— Шлюха, сволочь, — прокричал я приглушенно, задыхаясь от быстрого бега. Я изнемогал от тяжелого физического усилия и уже не мог сдерживаться.
— Да что с тобой, Жанно?
Я верил в его непосредственность и ожидал быстрой реакции. Вероятнее всего, удара кулаком. Я думал, что какое-нибудь резкое движение подтвердит, насколько его поведение может быть естественным. Изнемогая, я прохрипел:
— А твоего кота я раком поставлю и отдеру.
И вдруг я осознал, что не имею на него никаких прав. Я не обладал достаточным авторитетом, чтобы заставить признать себя и требовать от него, чтобы он принадлежал мне по велению одного моего взгляда или повинуясь взмаху руки. С другой стороны, я прекрасно знал, что понятие «дружба» не значит в Централе ровным счетом ничего, если не подразумевает любовь. Если что-то и обязывало бы его хранить мне верность, так это только одно: физическое обладание, а я не обладал им даже во сне. Он повторил:
— Жанно, да что это с тобой?
Заключенные, что шли за мною, уже поднимались по лестнице. Мы слышали шум их шагов.
— Уходи, Жанно, я прошу тебя. Если нас опять увидят вместе, обо мне станут трепаться.
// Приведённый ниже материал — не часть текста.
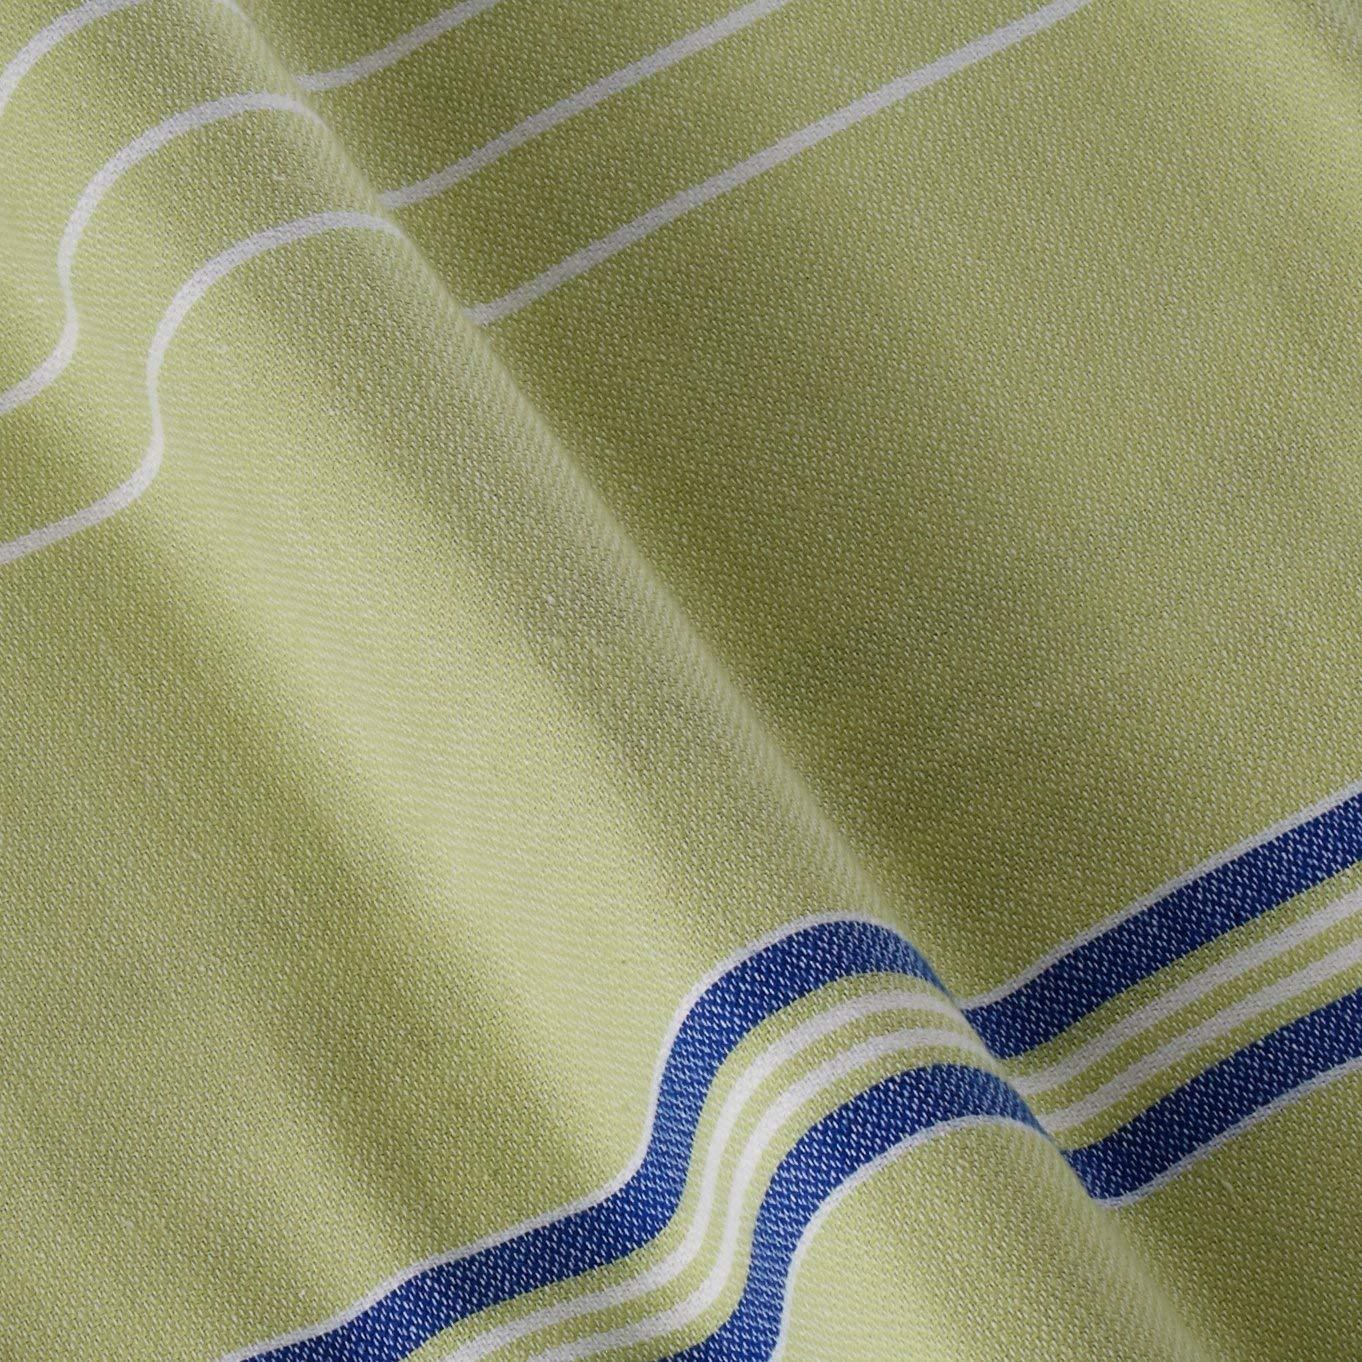 Cacala Toalla de baño turco, modelo Paradise, algodón, verde pistacho royal, 95 x 175 x 0.5 cm: Amazon.es: Hogar

Но я все-таки приблизился к нему, стиснув зубы, и крепко схватил обеими руками за талию. Я сжимал его изо всех сил. Я был удивлен: он даже не делал попытки высвободиться. Подняв на меня умоляющие глаза, он только повторял:
— Жанно, ну отпусти меня.
Я отпустил, и он скрылся в своей камере. И как раз вовремя: наши молчаливые сотоварищи были уже здесь. Я смешался с ними, но не мог отделаться от чувства, что, только обладая Булькеном, я смог бы стать его другом со всеми правами, какие только дает дружба. Именно о дружбе мечтаю я ночи напролет, и с каждым разом это все более глубокая, более тесная и искренняя дружба. Мне необходимо обладание Булькеном. Впрочем, «обладание» — точное ли это слово? Мы предавались любви, и тела наши переплетались… Я осознаю, что ночей так мало, я представлял в воображении такие прекрасные сцены любви, и тем сильнее была моя грусть при пробуждении, когда я понимал, что он мертв, что тело его гниет на кладбище Централа рядом с телом Бочако.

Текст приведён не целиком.